**How to complete this task:** Give back the records below verbatim, please, but without a single image.

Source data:
____

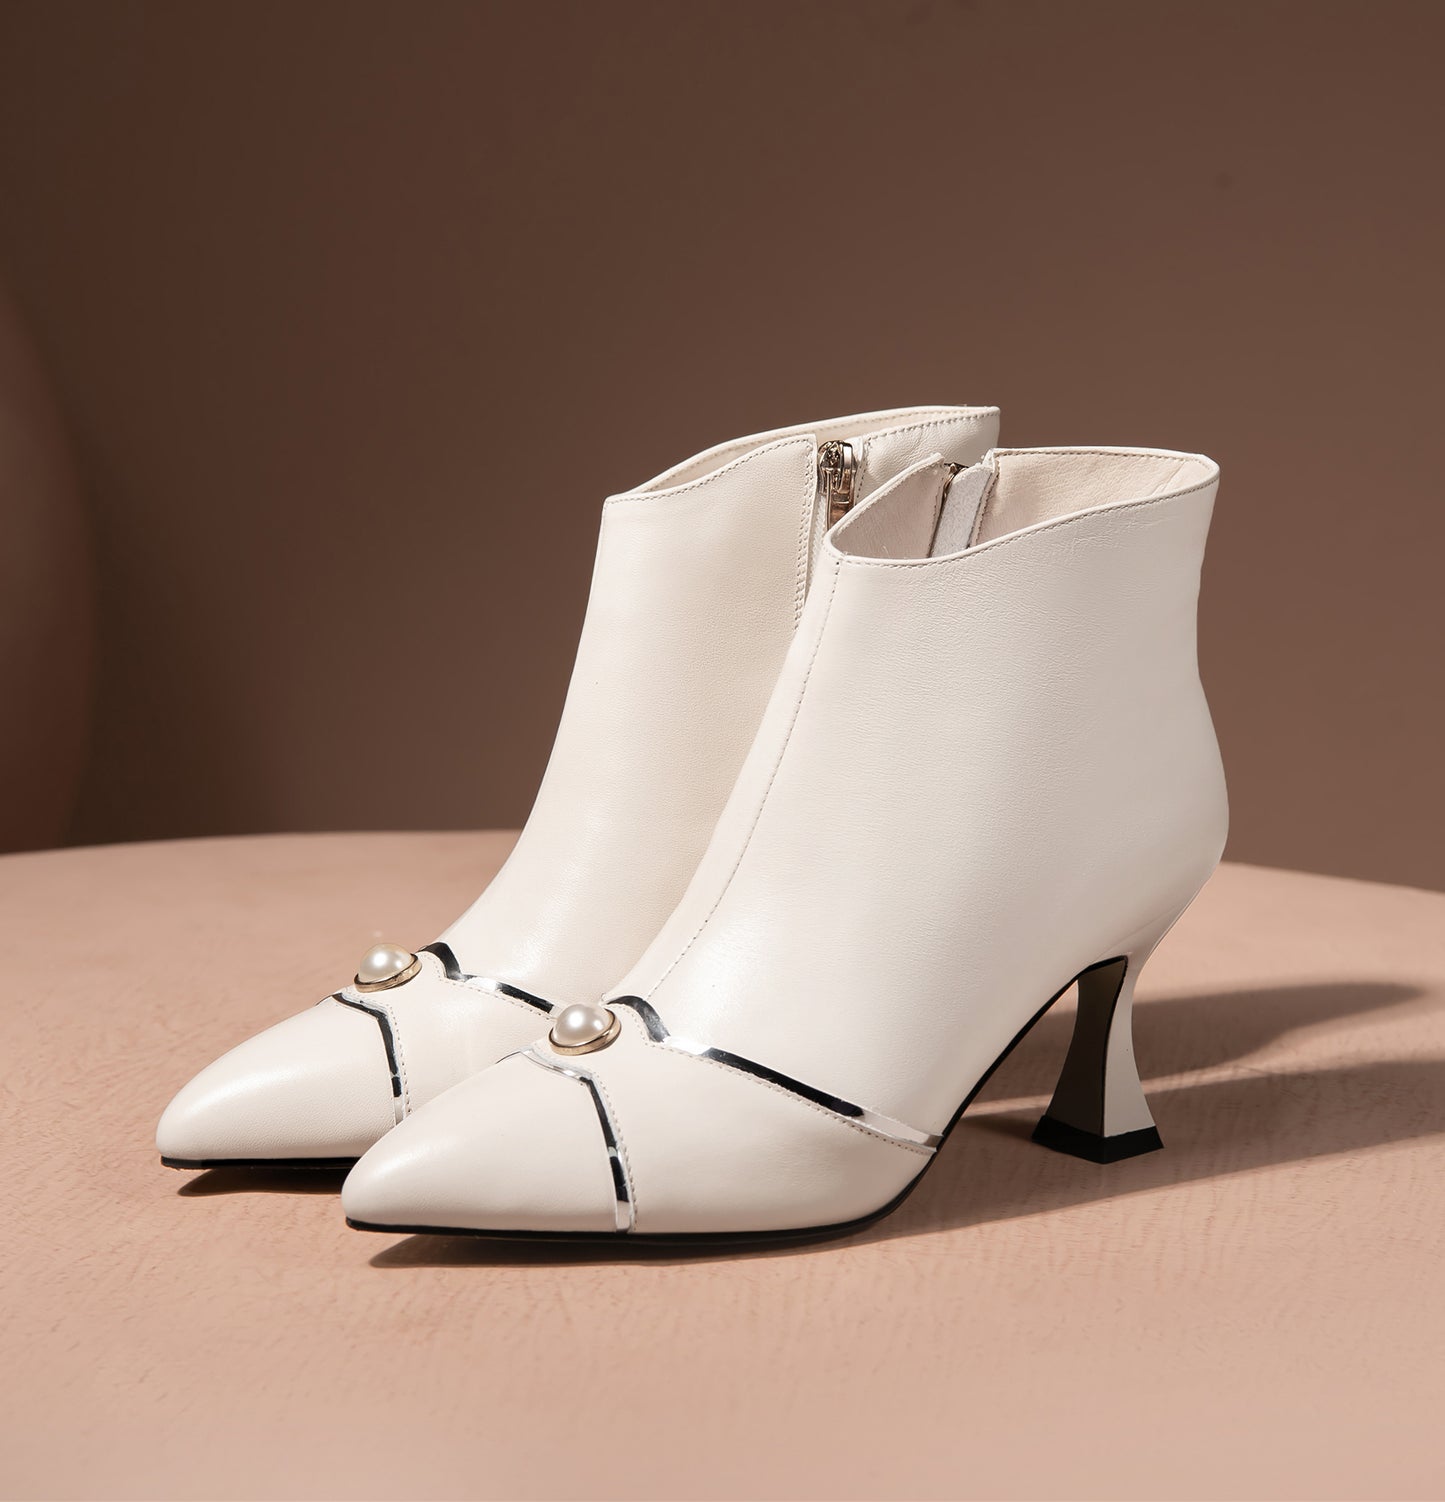 TinaCus Handmade Women's Genuine Leather Side Zip Up Spool Heel Pointed Toe Elegant Ankle Boots
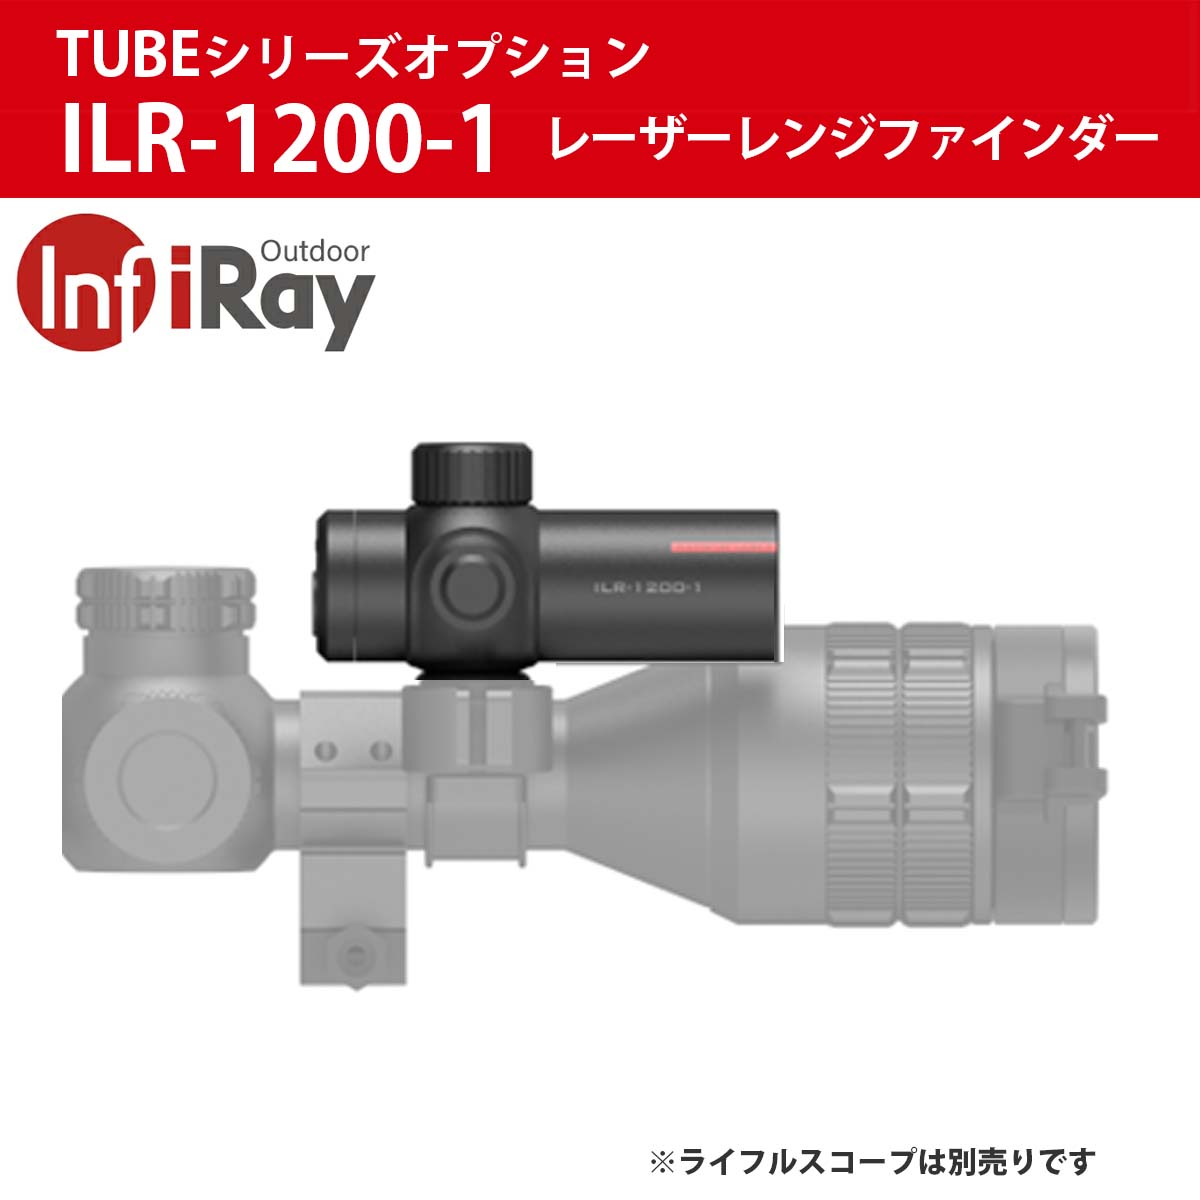 ILR-1200-1
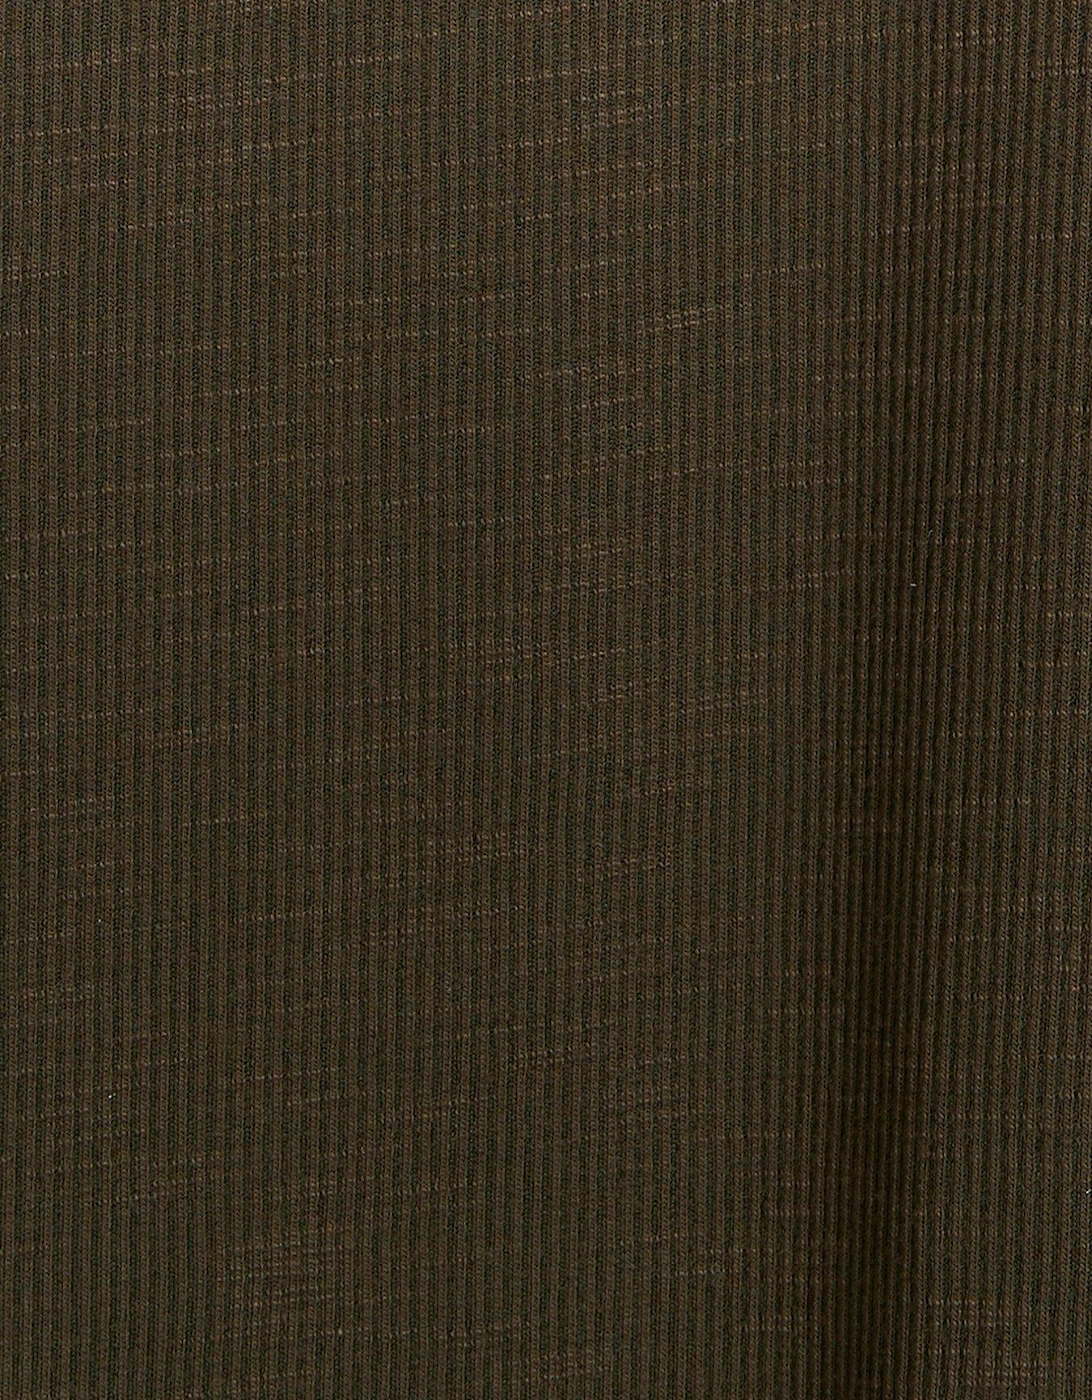 Lace Long Sleeve Top - Khaki
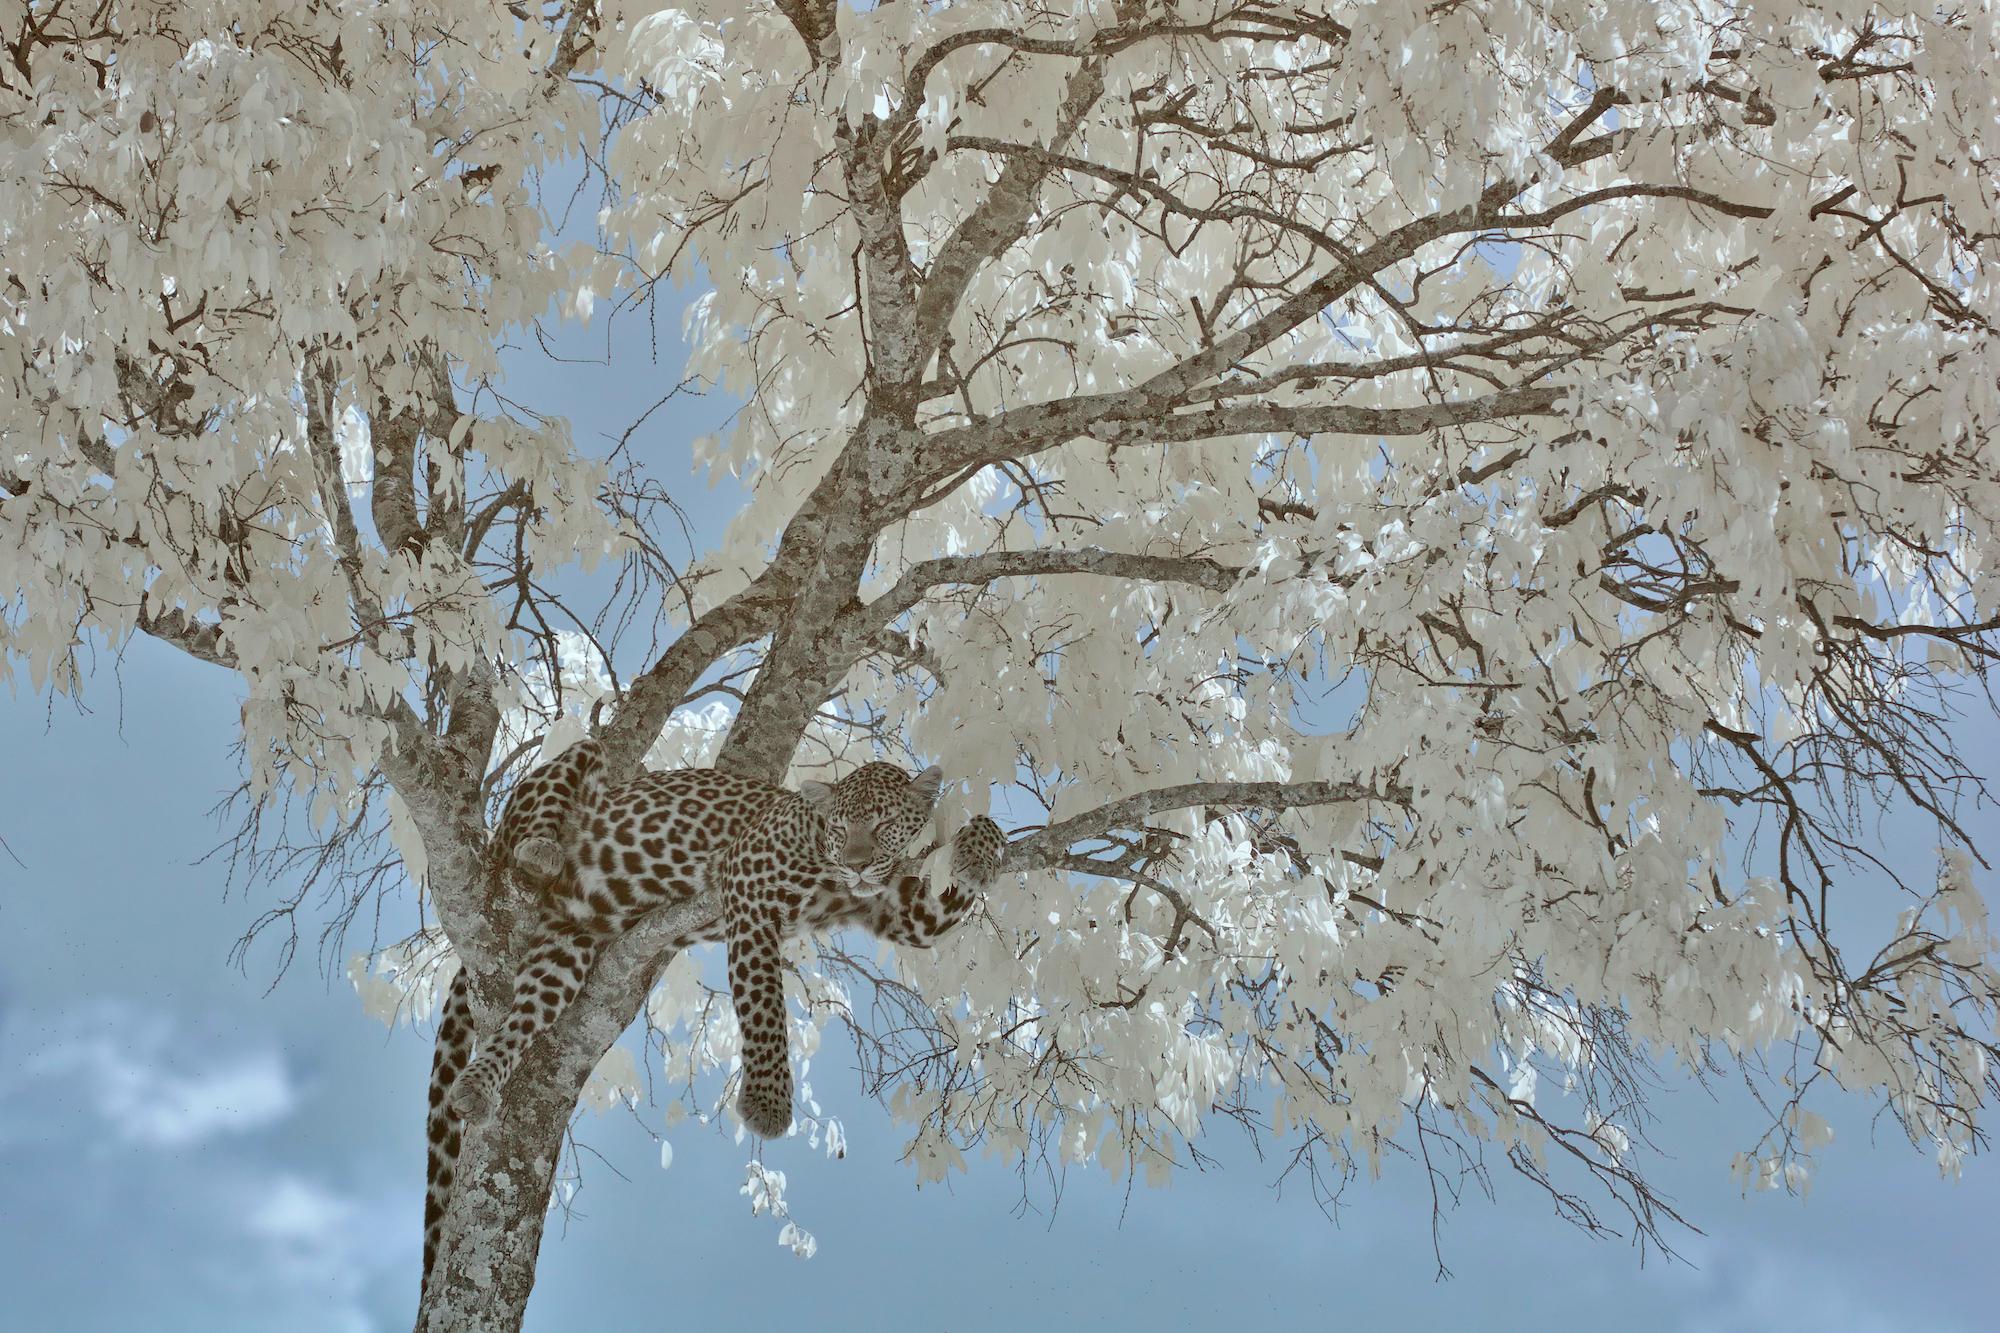 Animal Print Aditya Dicky Singh - Photographie - Paysage animalier bleu et blanc - Léopard Infrared Kenya - Nature Wildlife
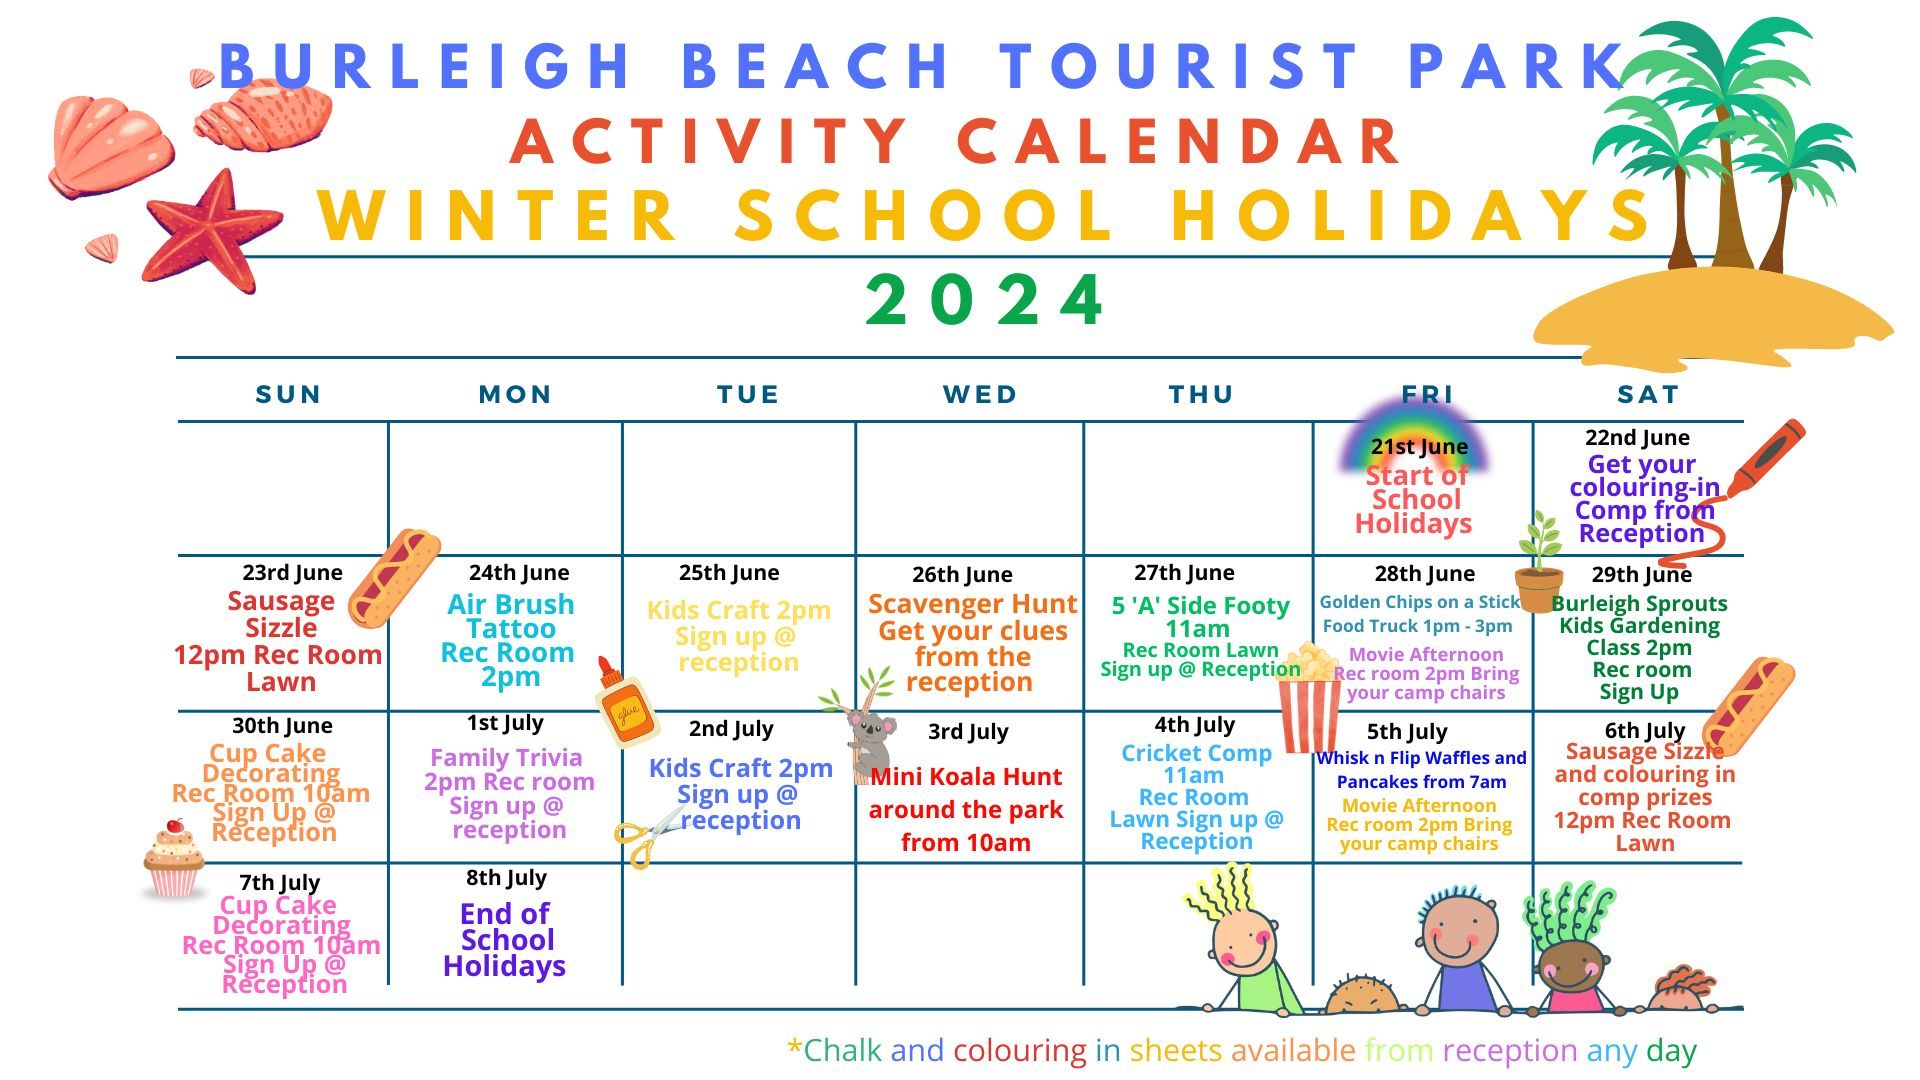 An image of the Burleigh Beach Tourist Park Activity Planner 2024

____

**Exercise result:**
 TinaCus Handmade Women's Genuine Leather Side Zip Up Spool Heel Pointed Toe Elegant Ankle Boots
 ILR-1200-1
 Lace Long Sleeve Top - Khaki
 Animal Print Aditya Dicky Singh - Photographie - Paysage animalier bleu et blanc - Léopard Infrared Kenya - Nature Wildlife
 An image of the Burleigh Beach Tourist Park Activity Planner 2024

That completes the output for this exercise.